The Essential Oil Therapist Practitioner Course

This course was originally written, delivered and trialled as an integrated aspect of the BSc Complementary Medicine and Health Sciences degree Aromatherapy Module at the University of Salford during 2008/09; it’s aim, to provide a legitimate training route that involves the therapeutic application of essential oils via various mediums other than massage – for example, therapeutic perfumes, creams, lotions, inhalers and environmental diffusers, among others.  


Massage is an extremely effective vehicle for the delivery of essential oils, however, it is not an appropriate method of application in instances where client therapist contact does not form part of therapeutic treatment – for example, counselling, psychotherapy – or when massage is contra-indicated due to an underlying health condition, or in instances where clients simply do not want to be touched yet would benefit tremendously from the therapeutic values of essential oils.  


Course overview

Course content includes the standard professional aromatherapy training criteria set out by the National Qualification Framework (NQF) but omits massage and  emphasises methods of  topical self application and appropriate essential oil blending, counselling skills and professional supervision.  Content, for example, includes elements such as:

  • Botany and botanical plant families
  • Methods of essential oil extraction and evaluation (GLC / MS)
  • Related organic chemistry
  • Profiles of up to 60 essential oils
  • Blending and appropriate methods of use and application
  • Safe Practice, Health & Safety: contra indications /actions
  • Consultation procedures – process and protocol; client therapist interface
  • Clinical practice
  • Counselling skills

The word aromatherapy immediately, intrinsically, summons an image of someone relaxing on a massage couch being anointed in essential oils by an attentive therapist, the word ‘relaxation’ resonating through the ambiance created in this picture. Indeed, this image is constantly promoted through media advertising or representation of aromatherapy (as well as the image of someone relaxing in a candle lit bath). It is true that massage provides a wonderful vehicle and plays a very significant, valuable role in terms of enhancing the effects of essential oils, promoting wellness and a sense of wellbeing. However, not everyone is comfortable with intimate physical contact.


There are many examples of therapeutic situations where a professional therapist might wish to include the use essential oils, counselling being one example, but not apply massage. As well as promoting relaxation and wellbeing, essential oils can be applied topically for stress and many stress related conditions in the form of ‘therapeutic perfumes’, ointments, lotions, creams, compresses etc. and diffused environmentally to create a specific ambiance or influence mood and emotion. Yet, it remains virtually impossible to gain a professionally recognised qualification in these arts alone without the inclusion of massage, which clearly represents one of many other methods of application.

Essential oils are available to purchase through mail order or in high street shops; the purchaser is not required to have a qualification to use them. However, the user must have a professional qualification and have professional insurance cover to apply essential oils to others in a therapeutic context. The counsellor (or other health professional), for example, who chooses to diffuse essential oils in their treatment room to create a pleasant ambiance does not have to have an aromatherapy qualification to do so because they are not applying the essential oils directly to their client, yet they might be very interested in, and would benefit from, learning and understanding more about the nature and chemical influence essential oils have on, for example, mood and emotion; physical contact in the context of this type of therapeutic process is undesirable. In order to promote the safe and appropriate use of essential oils as a health care commodity it makes sense, therefore, that professional training should be appropriate and appealing to as many health professionals as possible.

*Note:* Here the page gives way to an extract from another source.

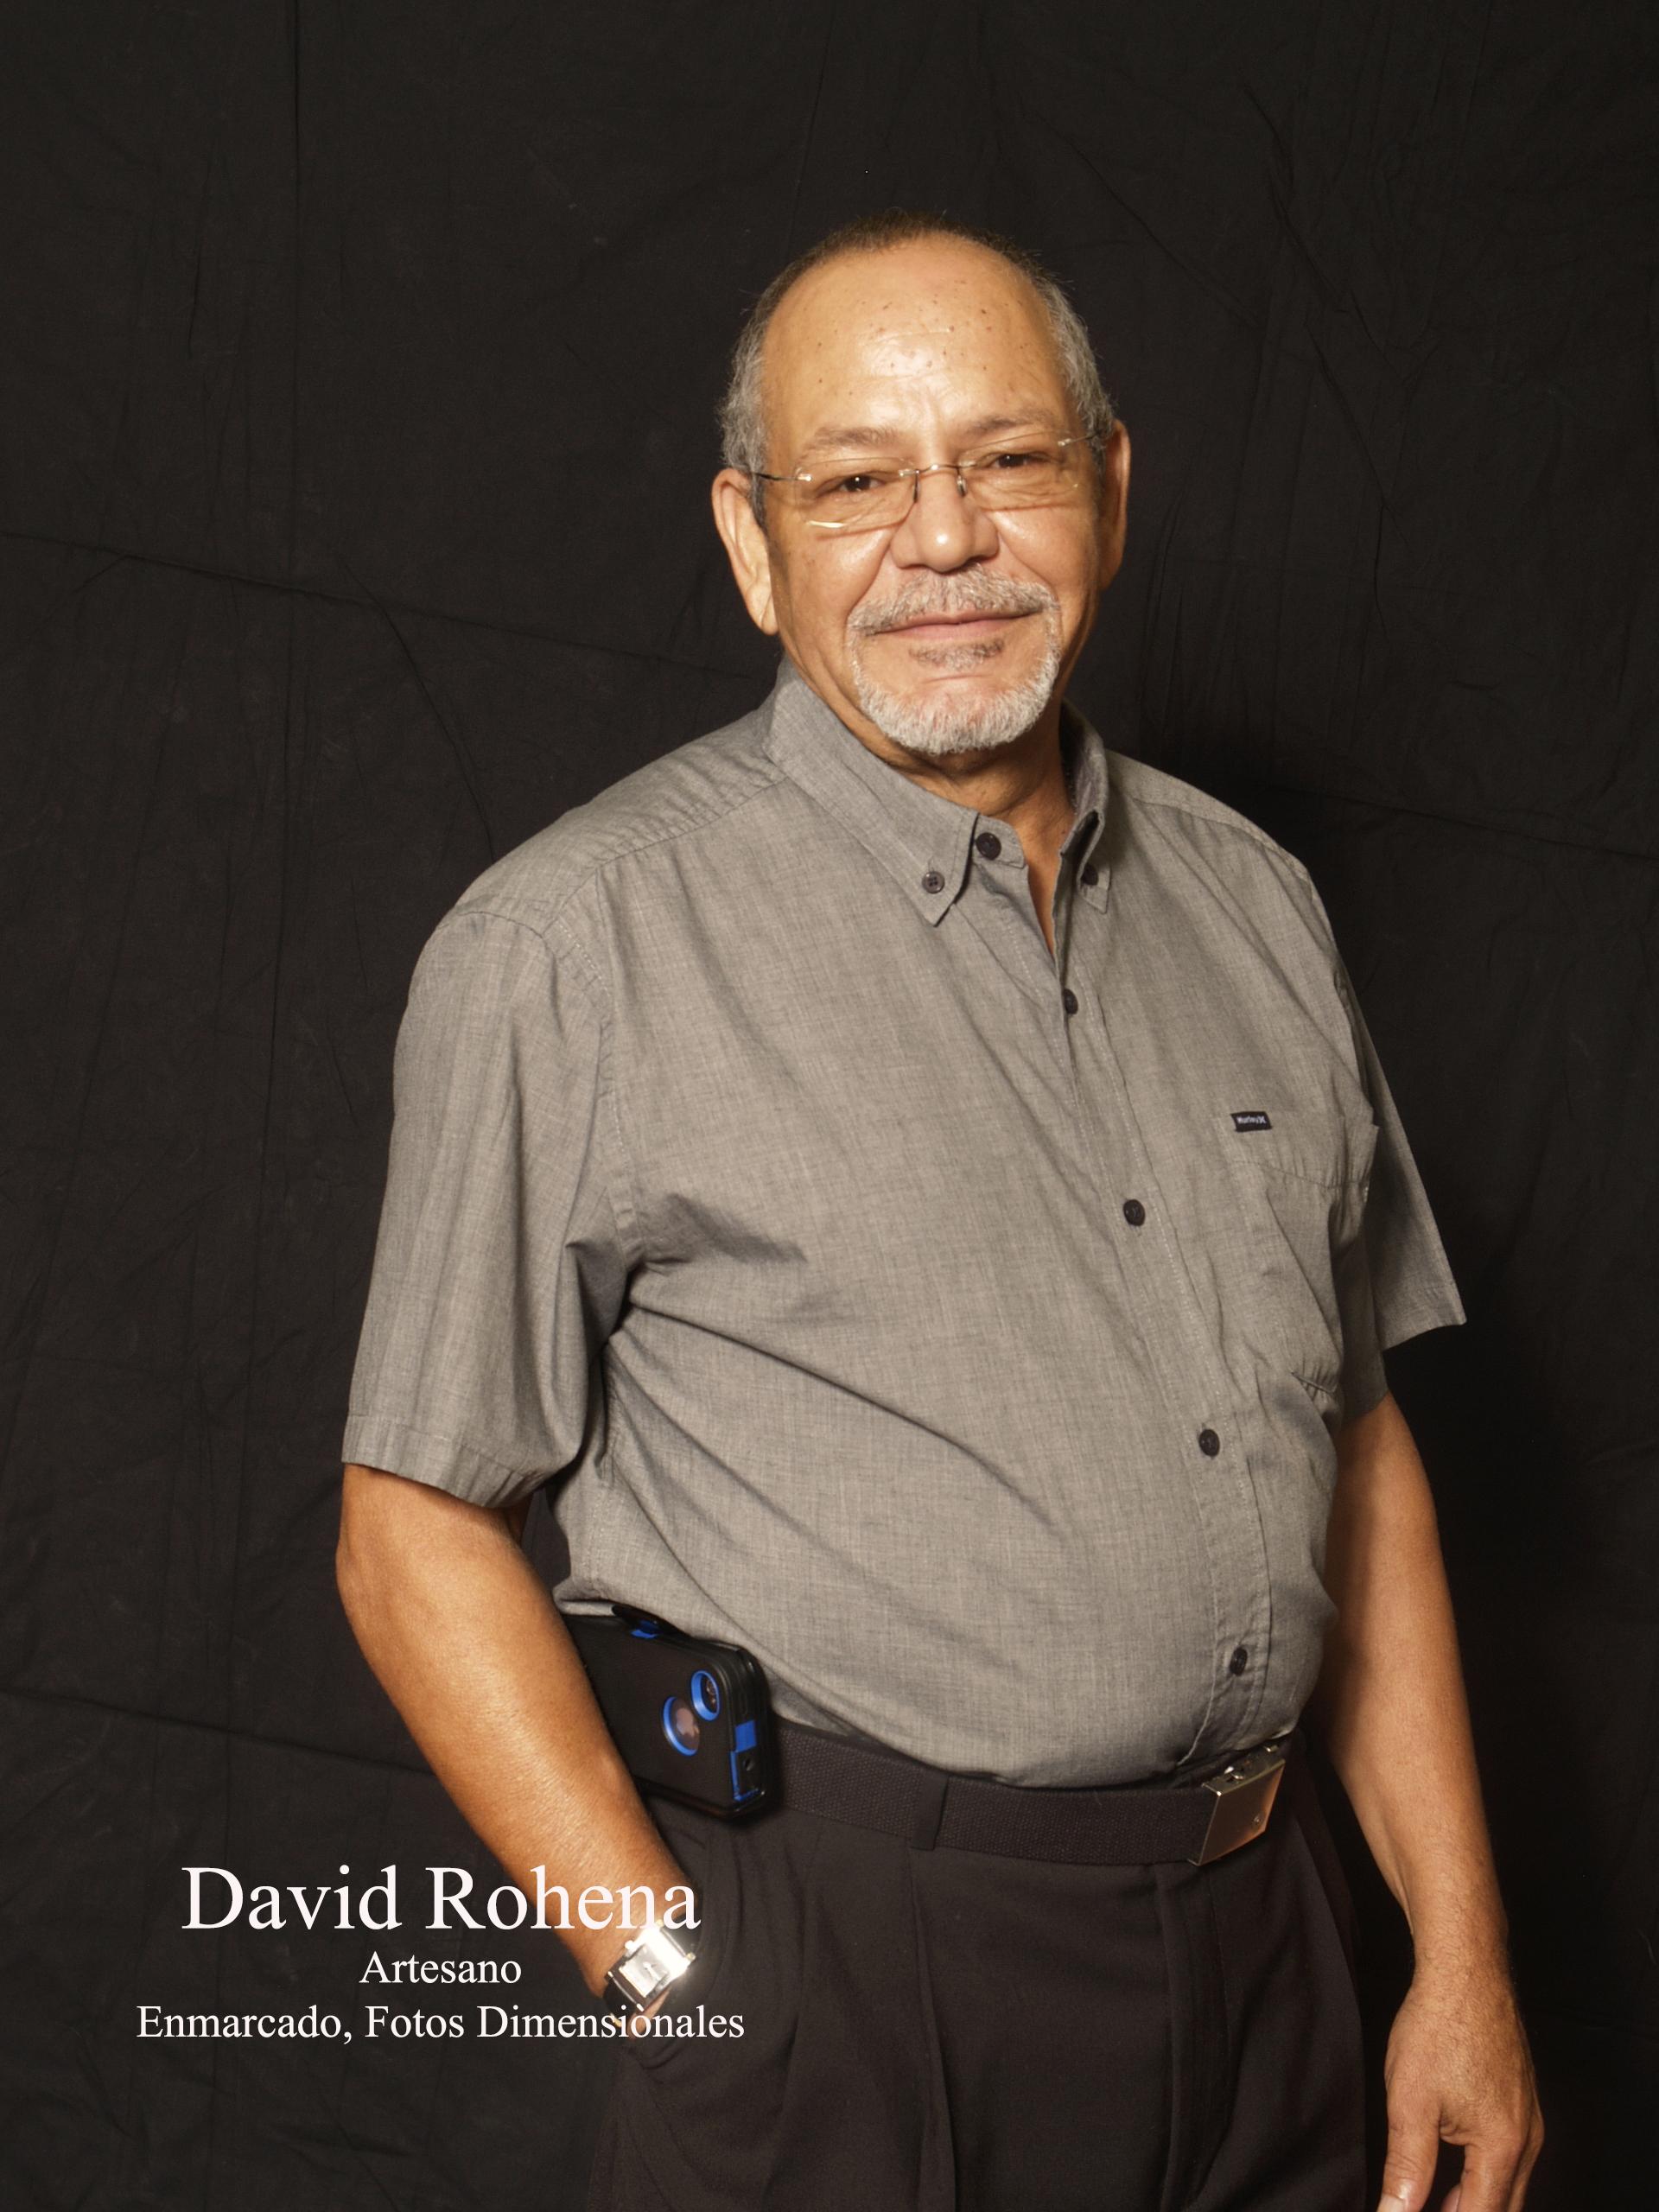 David Rohena - Artesano Enmarcado, Fotos   Dimensionales

Aromatherapy is currently delivered in some universities, but is mainly delivered in the hair and beauty departments of FE Colleges and some private training schools. There are post qualifying courses delivered that adapt to need, for example, in hospices, but these are usually complementary to professional training and do not alone licence the student to deliver essential oils therapeutically. The Essential Oil Therapist Practitioner Course aims to bridge this gap.